河瀬直美がプロデュース!注目の日韓合作映画『ひと夏のファンタジア』初日舞台挨拶

韓流・華流 レポート

『ひと夏のファンタジア』初日舞台挨拶  (C)Nara International Film Festival+MOCUSHURA
『ひと夏のファンタジア』初日舞台挨拶  (C)Nara International Film Festival+MOCUSHURA 全 7 枚 拡大写真
韓国では2015年に公開され、公開1週間で1万人、公開1か月で3万人を超える観客を動員、インディーズ映画としては異例の大ヒットとなった『ひと夏のファンタジア』。奈良を舞台にした本作の日本での初日舞台挨拶が、6月25日(土)、東京・渋谷のユーロスペースにて行われ、チャン・ゴンジェ監督、出演のキム・セビョク、岩瀬亮、康すおんが登壇した。

本作は、韓国から奈良を訪れた映画監督のテフンが、さまざまな人に出会い、作品の構想を練るモノクロの第1部と、若い男女の淡いラブストーリーを描くカラーの第2部からなる2部構成。『あん』『殯の森』の河瀬直美がプロデュースに参加し、内外から注目を集める気鋭監督チャン・ゴンジェがメガホンをとった。昨年公開された韓国では3万6千人以上を動員する大ヒットを記録した。

劇中、岩瀬さん演じる友助が“柿農家”という設定のため、柿色のタオルを首にかけて登場したチャン監督は、「1部はシナリオがあって作ったものです。ただ、2部はシナリオがない状態で撮影しなければいけなかったので、ここにいる俳優の方たちと相談しながら即興で撮った部分がとても多い映画でした。俳優の立場としてはそういう作り方はとても面白いかもしれないんですが、監督の立場としては本当にどうしていこうかととても悩んだ映画です」と、撮影当時のエピソードを披露。

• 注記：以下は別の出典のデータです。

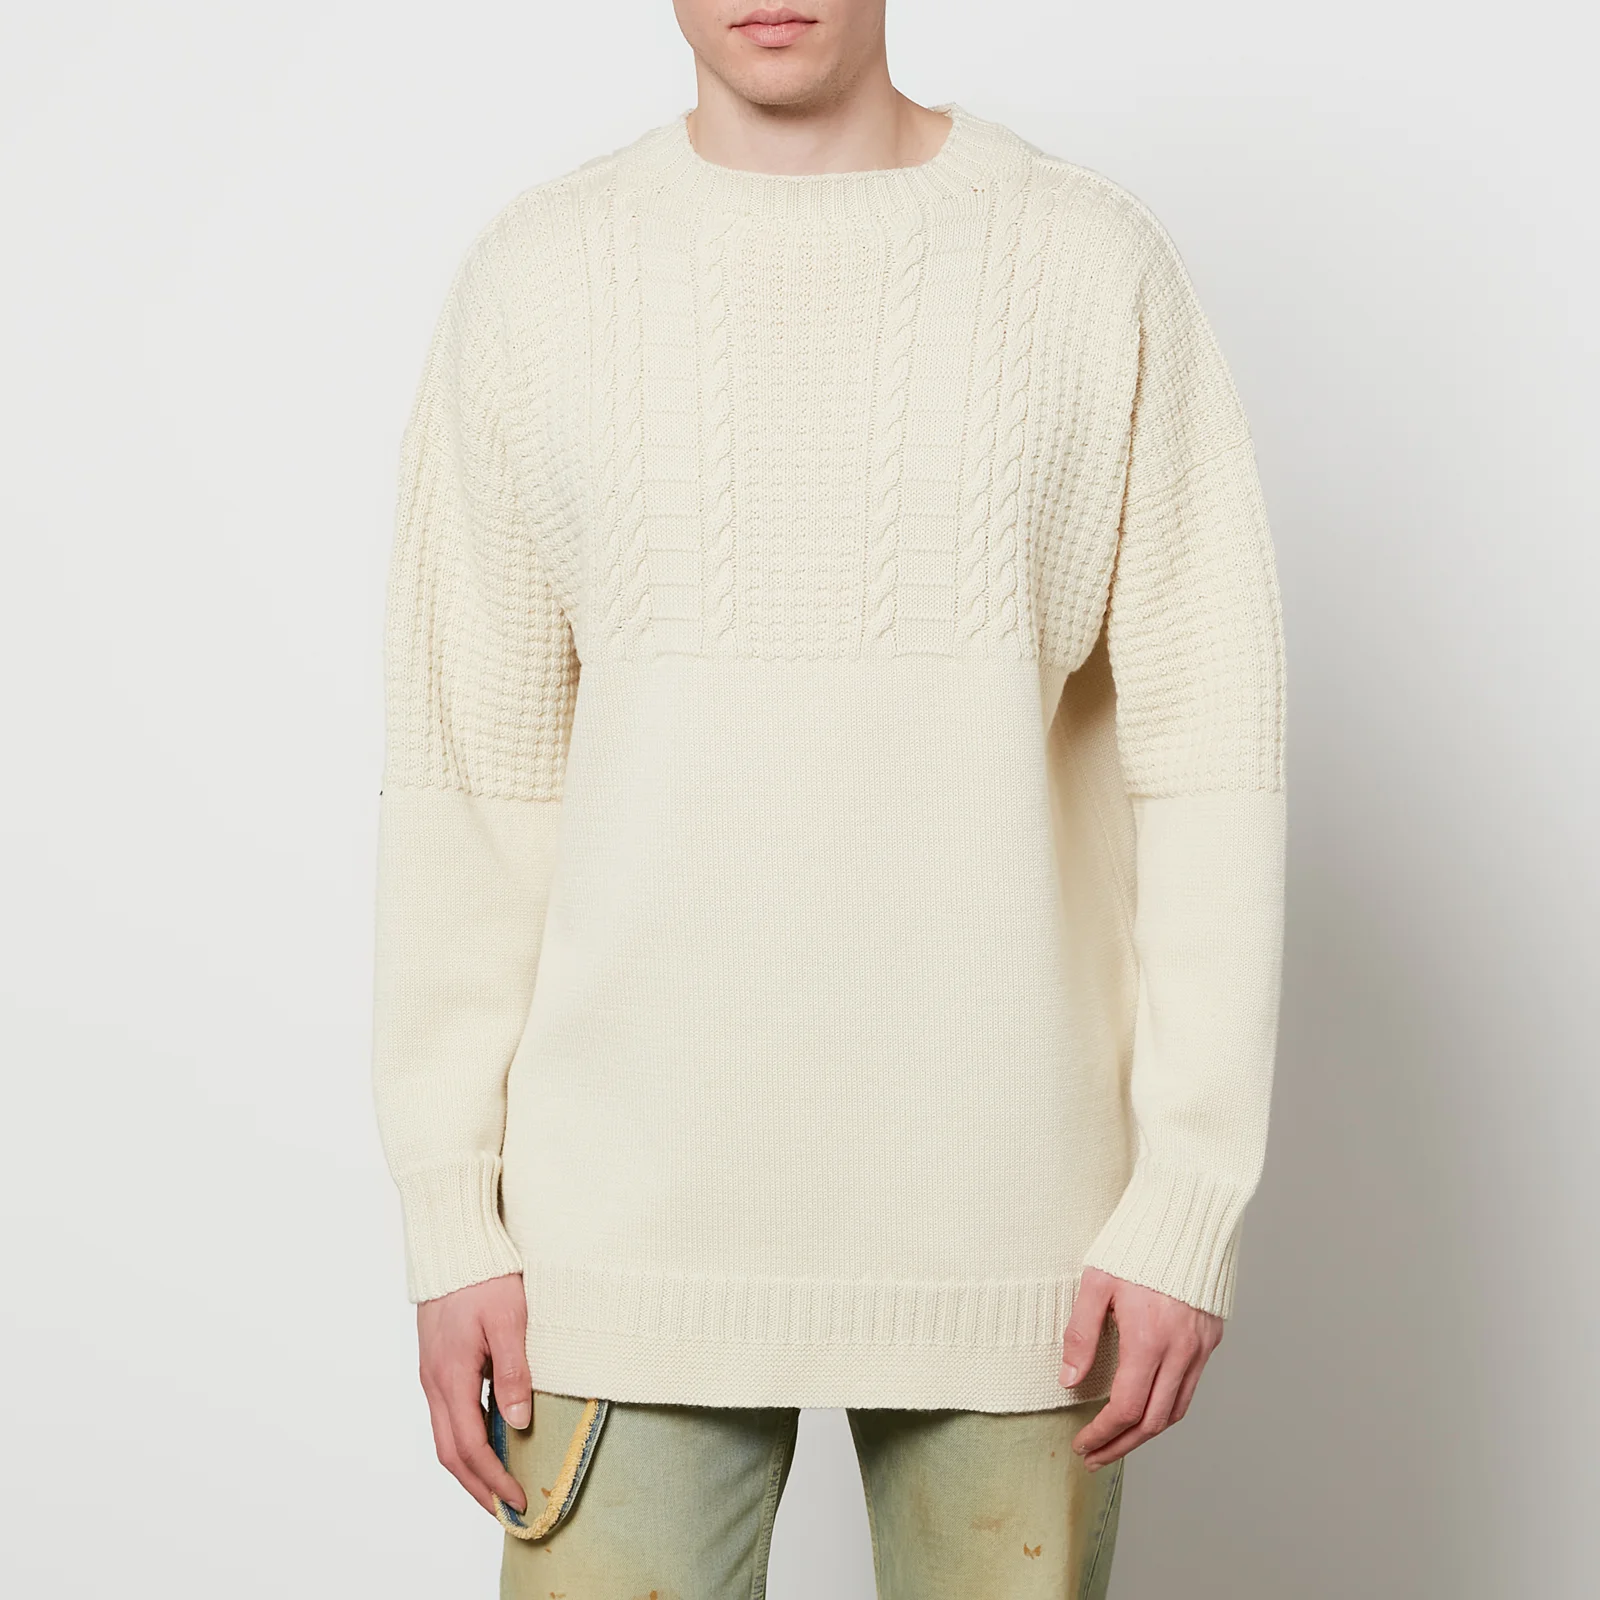 Maison Margiela Men's Cable Knitted Jumper - Off White Image 1

さらに、すでに各国の映画祭に多く招聘され、受賞もしている本作について、「俳優がやり遂げた部分がすごく大きい映画だという評価をとてもたくさん聞きました。個人個人の演技ももちろんとても素晴らしいですし、皆さんのアンサンブルもすごくうまく効果が出たかなと思います」と評価されている点を語り、「韓国では20代の女性の方の観客が圧倒的に多かったんです。ひとりで海外に旅行をするという経験を通して、ちょっと素敵な人に会って、ロマンスが芽生えてというところにとても惹かれた観客の方が多かったのではないかと思います」と人気の理由を分析した。

この映画がきっかけで、空港でパパラッチされるほど韓国で人気者となった岩瀬さんは、当日怪我のため松葉杖での登場となったが、「2部はシーンのスタートと終わりがはっきりとしていませんでした。見ていただいてわかったと思うんですけど、ワンシーン・ほぼワンカットです。実際はどのシーンも20分とか30分とか平気で回してたんで、撮りながら『これは6時間くらいの休憩ありの映画になるんじゃないか』と思っていました」というエピソードで笑わせた。また、韓国で夏公開予定の『最悪の一日』にも出演している岩瀬さんは、監督に「岩瀬亮さんはいま、韓国で韓国の女性がデートしたい男性に選ばれるほどの人気です」と紹介されると、「コジンマル(嘘)!」と韓国語でツッコみ、場を盛り上げていた。

「海外で撮影するという経験が初めて」だったと語るのは、ヒロインを演じたキム・セビョク。「出演者、スタッフの皆さんと寝泊りしながら合宿のようにして撮影したという経験も初めてでしたので、その経験自体がとても楽しく良い経験でした。そういう状況で撮影したのでより集中して演技ができたと思っています。とても良い思い出です。そして、いま一番残っているのは、本当に暑かったなということです。今日は撮影した藤井監督が来ていただいているんですけど、本当に汗をダラダラ流しながら撮影していただいた記憶がよみがえってきます」と客席にいた藤井昌之撮影監督を紹介。ちなみに藤井監督は、本作で韓国インディーズ映画の映画祭「ワイルドフラワー映画祭」で最優秀撮影賞を受賞している。

さらにキム・セビョクは、「この映画をご覧いただいた皆さんは、どうもそれぞれ好きな部分が違うみたいです。1部が好きという方もいますし、2部が好きという方もいますし、一つ一つのこのシーンというよりももっと細かいところが好きという方もいて、何かそれぞれの持っている部分を刺激するのではないかと思います」と、この映画の不思議な魅力を語っていた。

『ひと夏のファンタジア』はユーロスペースにて公開中、7月2日(土)以降、全国にて順次公開。